§ **AIM OF THE EXERCISE**
Transcribe the listing below exactly, without pictures.

RECORDED INFORMATION Block Start

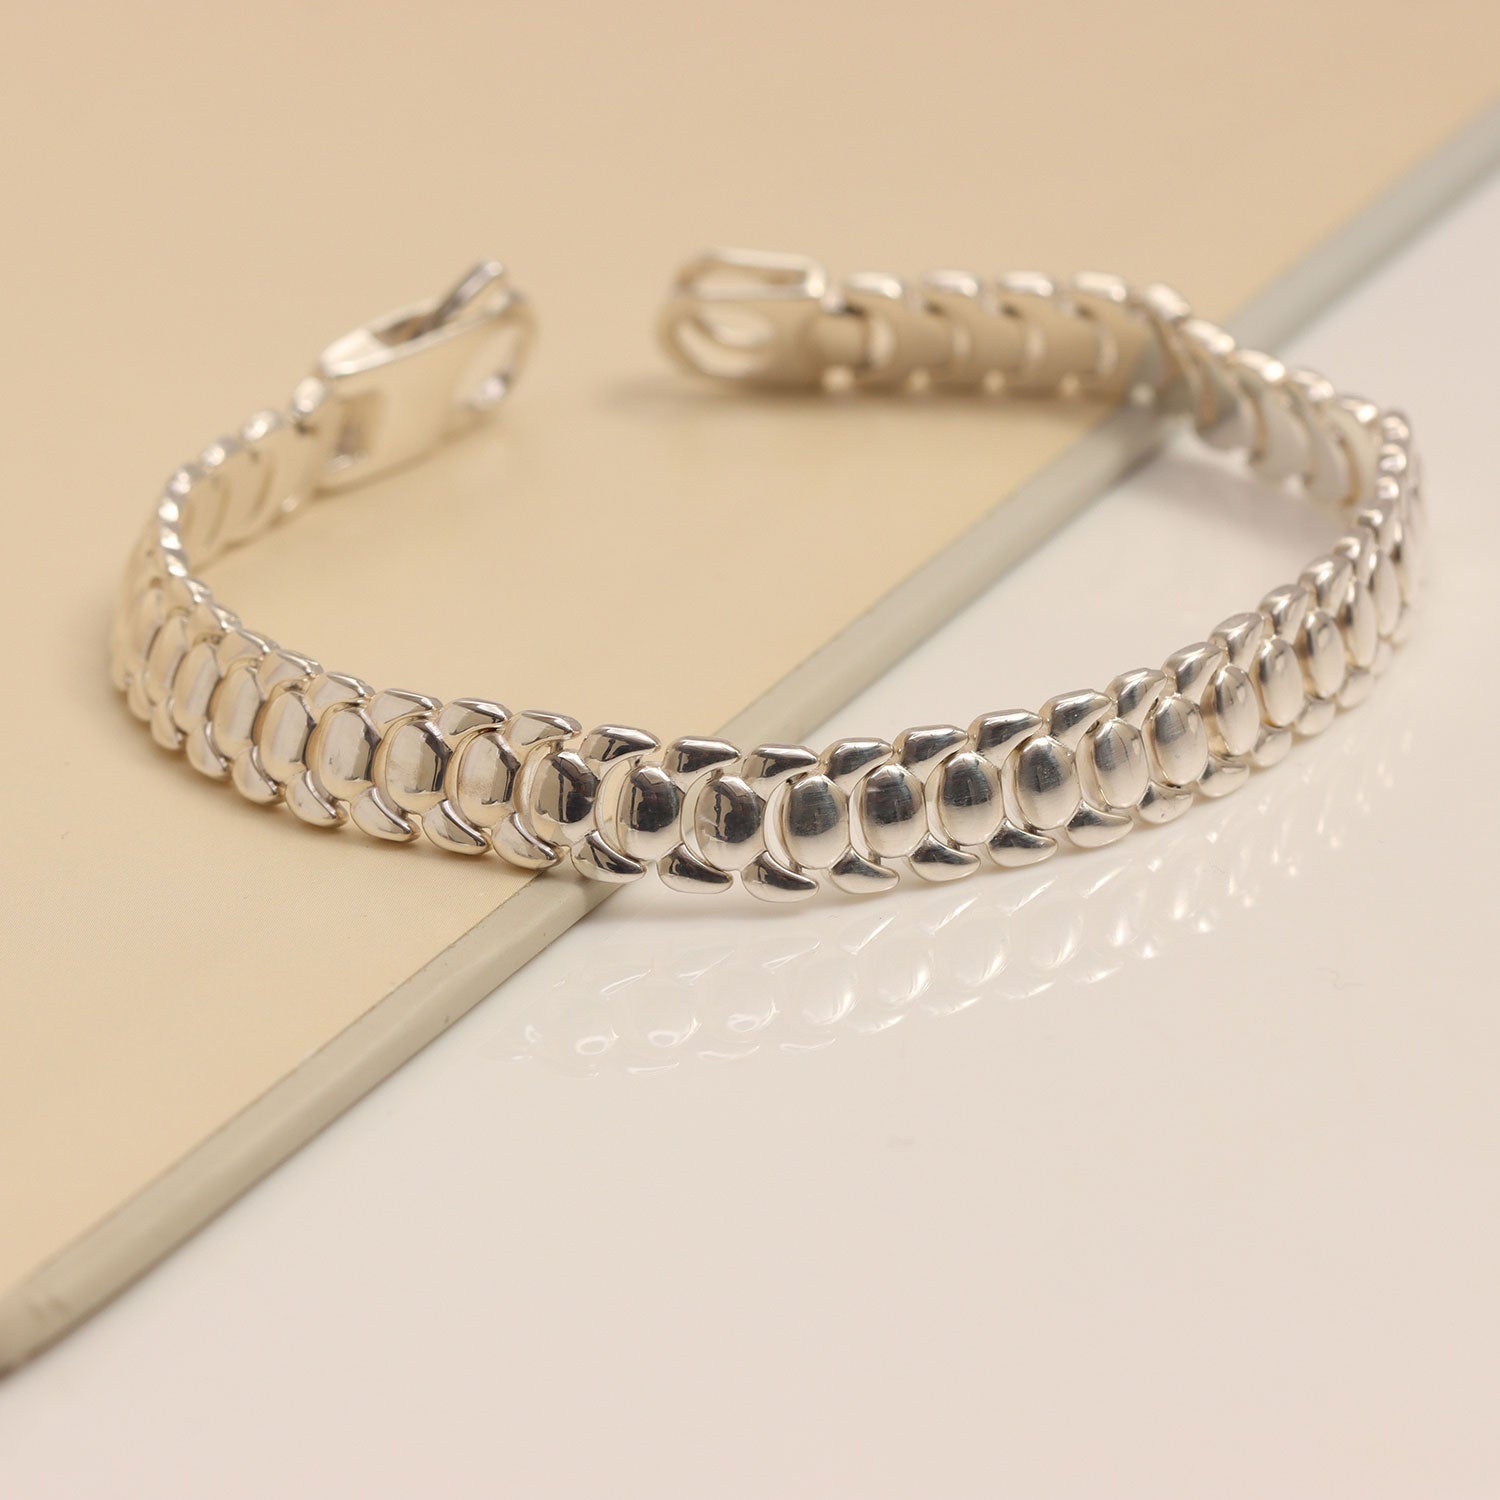 Shop for Sterling Silver Chain Bracelets - Lifesutram
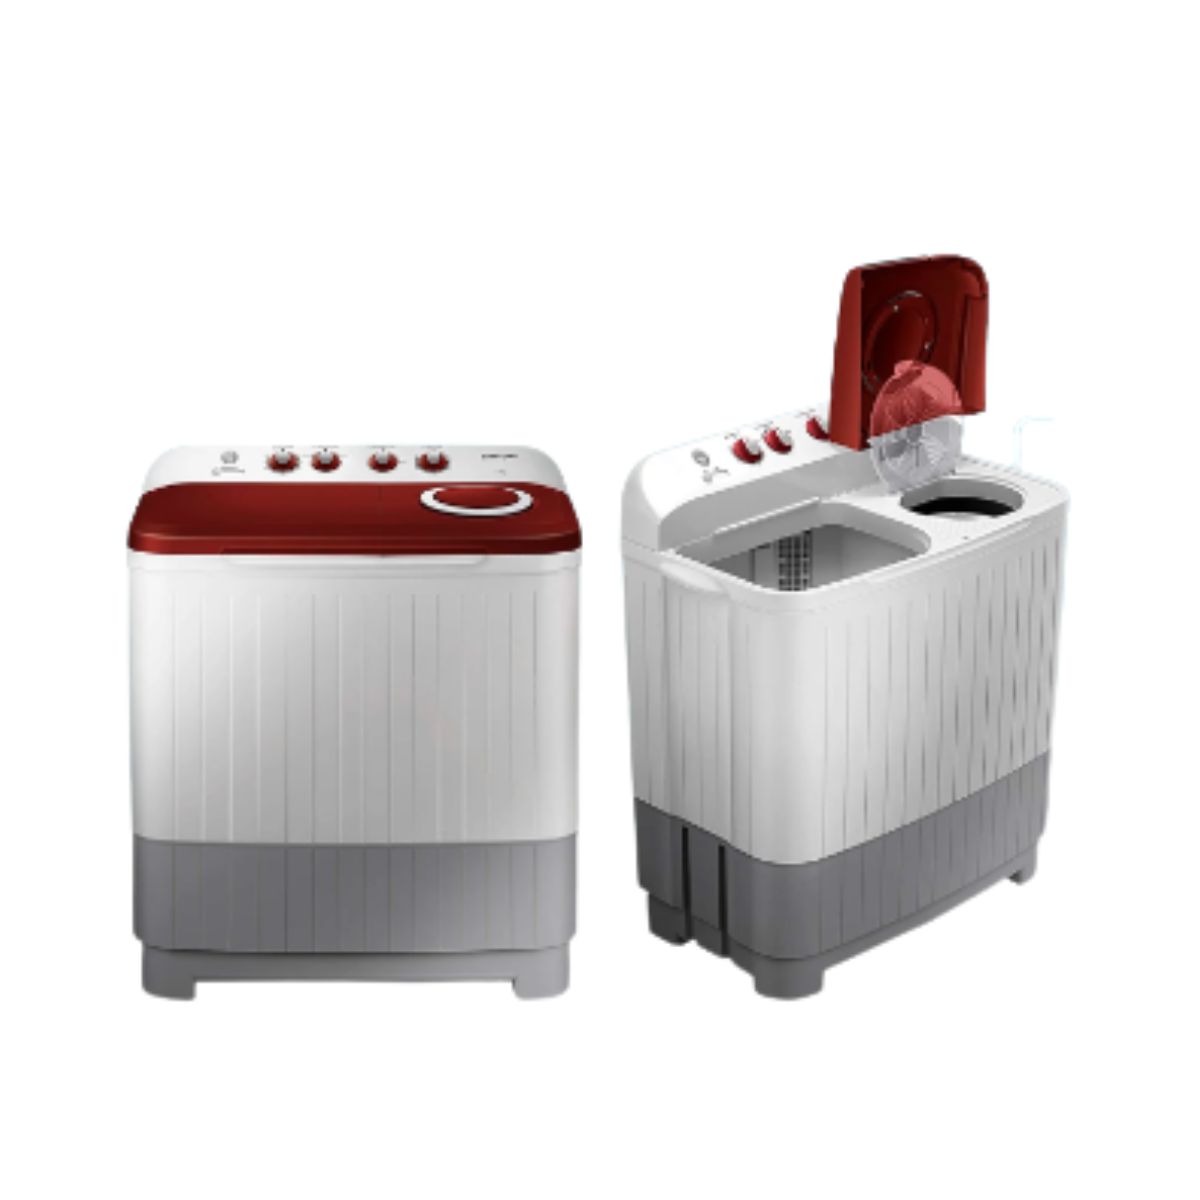 Samsung Washing Machine - Semi Automatic - WT70M3000HP - 7Kg
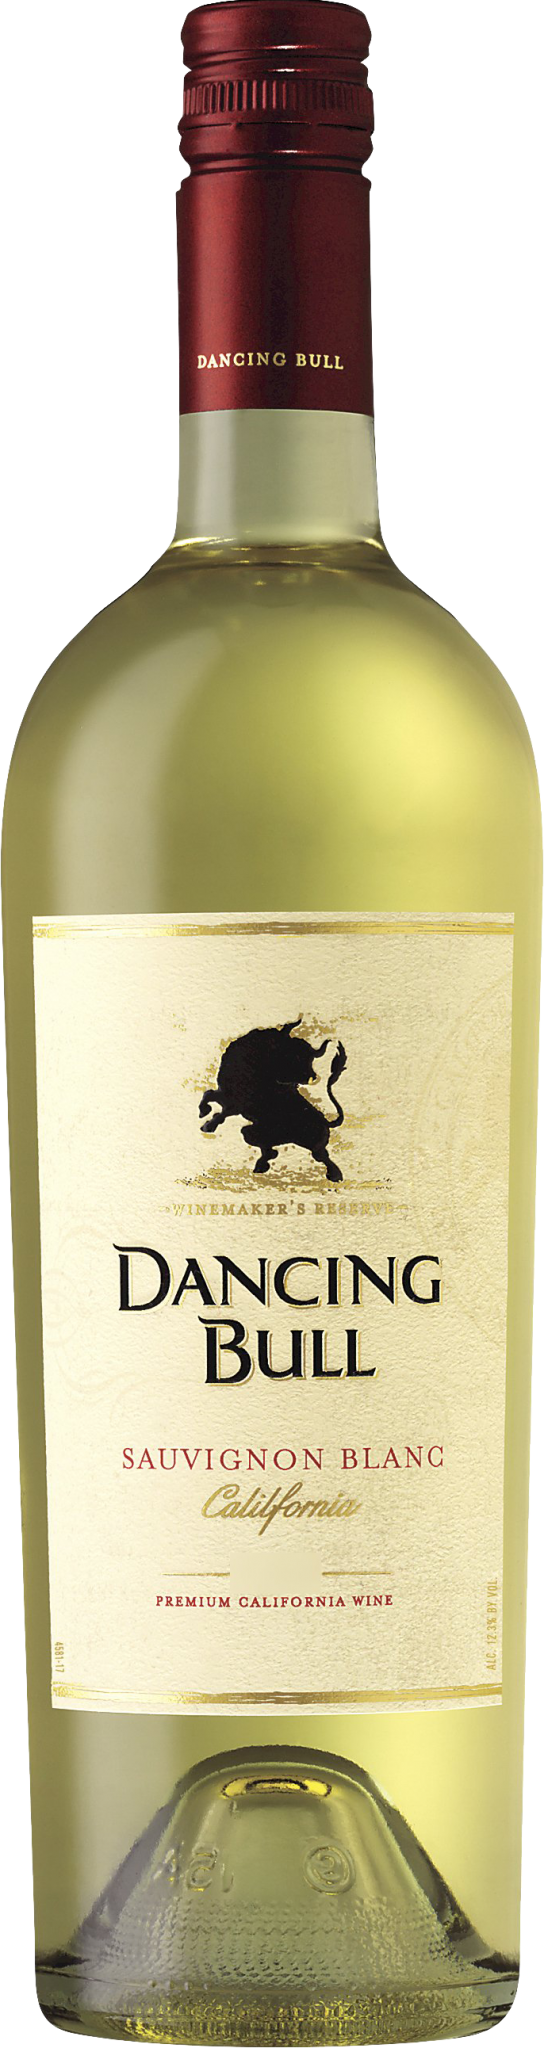 images/wine/WHITE WINE/Dancing Bull Sauvignon Blanc.png

RECORDED INFORMATION Block End

§ **TASK RESULT**
 Shop for Sterling Silver Chain Bracelets - Lifesutram
 Samsung Washing Machine - Semi Automatic - WT70M3000HP - 7Kg
 images/wine/WHITE WINE/Dancing Bull Sauvignon Blanc.png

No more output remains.